Vinayak Vatsal
Vinayak Vatsal is a Canadian mathematician working in number theory and arithmetic geometry.
Education
Vatsal received his B.Sc. degree in 1992 from Stanford University and a Ph.D. (thesis title: Iwasawa Theory, modular forms and Artin representations) in 1997 from the Princeton University under the supervision of Andrew Wiles who had just completed his proof of Fermat's Last Theorem.[1][2] He then became a post-doctoral fellow at the University of Toronto.[1]
Career and research
Vatsal joined the faculty at the University of British Columbia in 1999 where he still works today.
Vatsal's contributions include his work on the Iwasawa theory of elliptic curves, a field which he approached using novel ideas from ergodic theory.[1]
Vatsal has received numerous accolades.
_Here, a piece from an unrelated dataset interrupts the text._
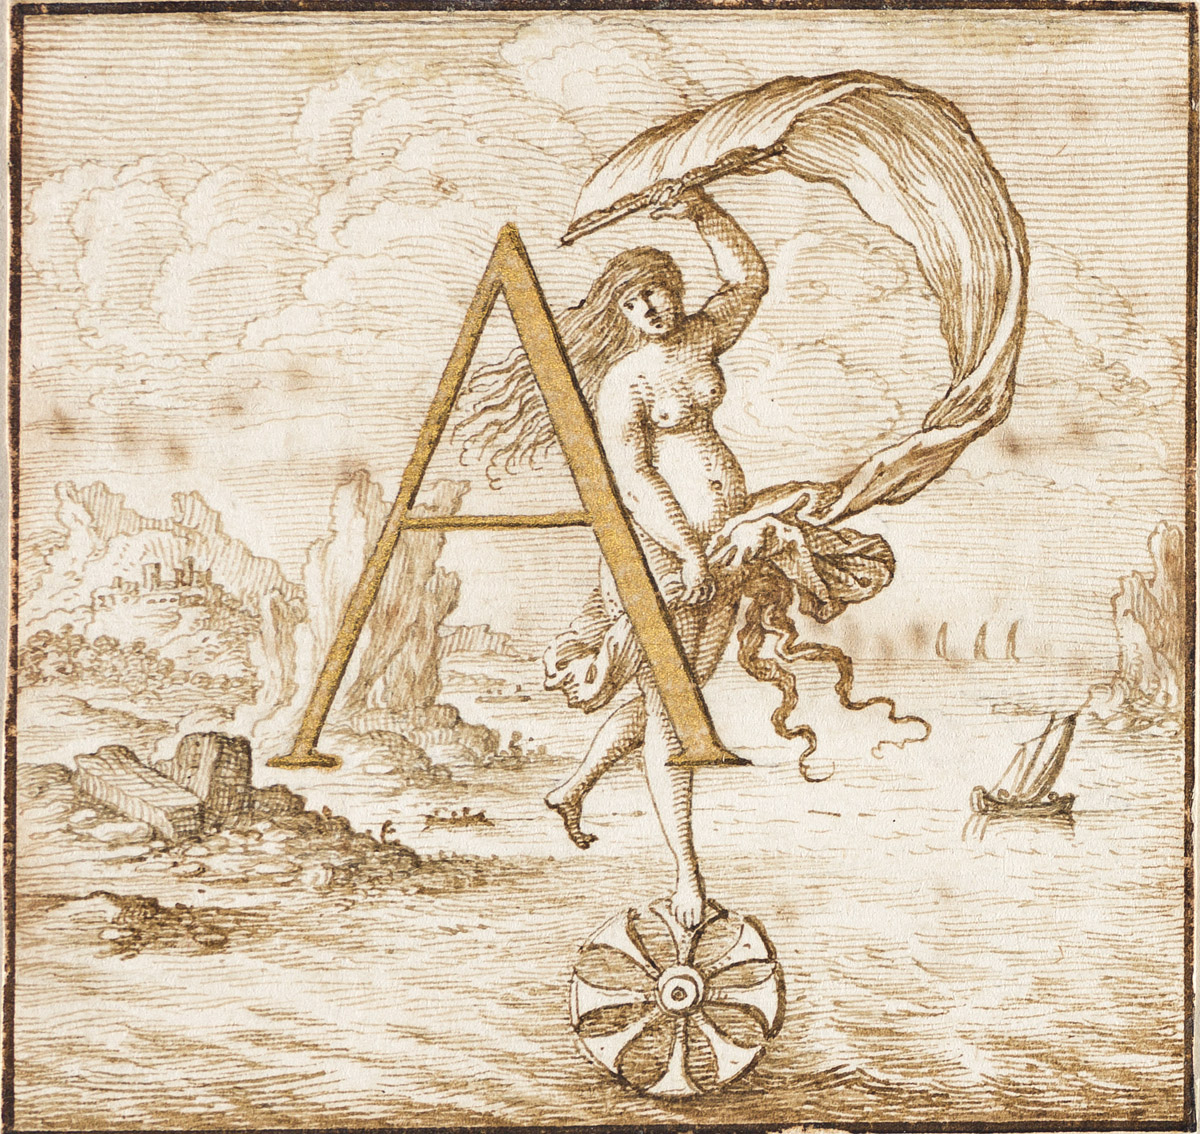 LIEVEN CRUYL (Ghent 1634-1709 Ghent) Group of 4 decorative designs for initial letters.

He was a Sloan Fellow in 2002–2004 and a recipient of the André Aisenstadt Prize (2004), the Ribenboim Prize (2006) and the Coxeter–James Prize (2007).[1] In 2008, he was an invited speaker at the 2008 International Congress of Mathematicians in Madrid.[1]
Selected publications
- Uniform distribution of Heegner Points, Inventiones Mathematicae, Vol. 148, 2002, pp. 1–48 (Proof of a conjecture of Barry Mazur)
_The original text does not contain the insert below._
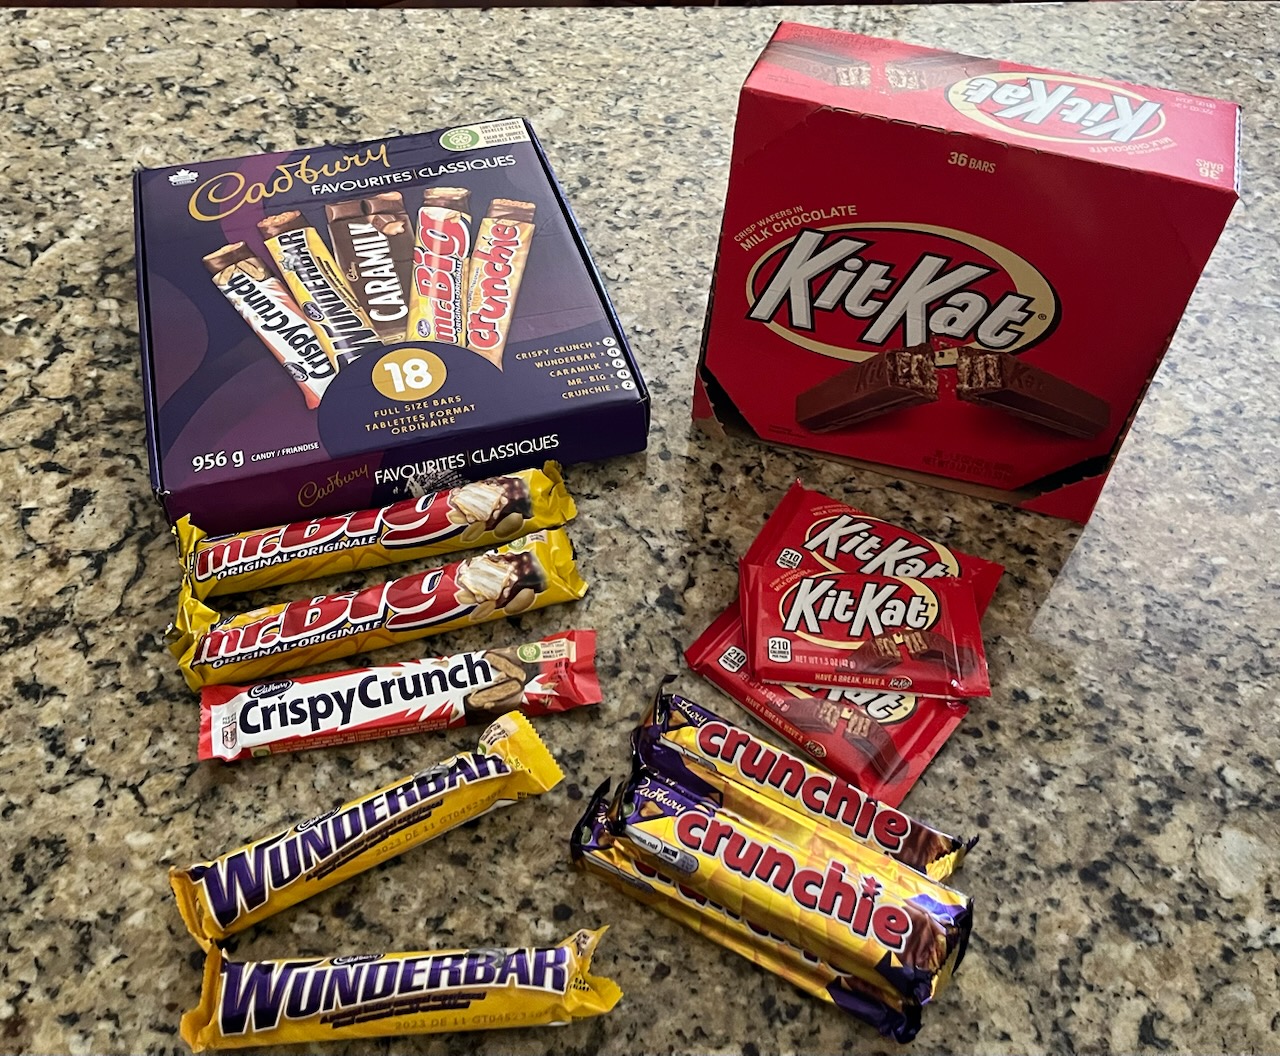 A variety of Canadian chocolate bars

- with Ralph Greenberg Iwasawa Invariants of Elliptic Curves, Inventiones Mathematicae, vol 142, 2000, pp. 17–63
- Special values of anticyclotomic L-functions, Duke Mathematical Journal, vol. 116, 2003, pp. 219–261
- with C. Cornut Nontriviality of Rankin-Selberg L-functions and CM points, in Burns, Kevin Buzzard, Nekovar (eds), L-functions and Galois Representations, Cambridge University Press, 2007, pp. 121–186
- with C. Cornut CM points and quaternion algebras, Documenta Mathematica, volume 10, 2005
References
- "2007 Coxeter–James Prize" (PDF). Canadian Mathematical Society. 2007.
- "Vinayak Vatsal – The Mathematics Genealogy Project". www.genealogy.math.ndsu.nodak.edu. Retrieved 2019-03-07.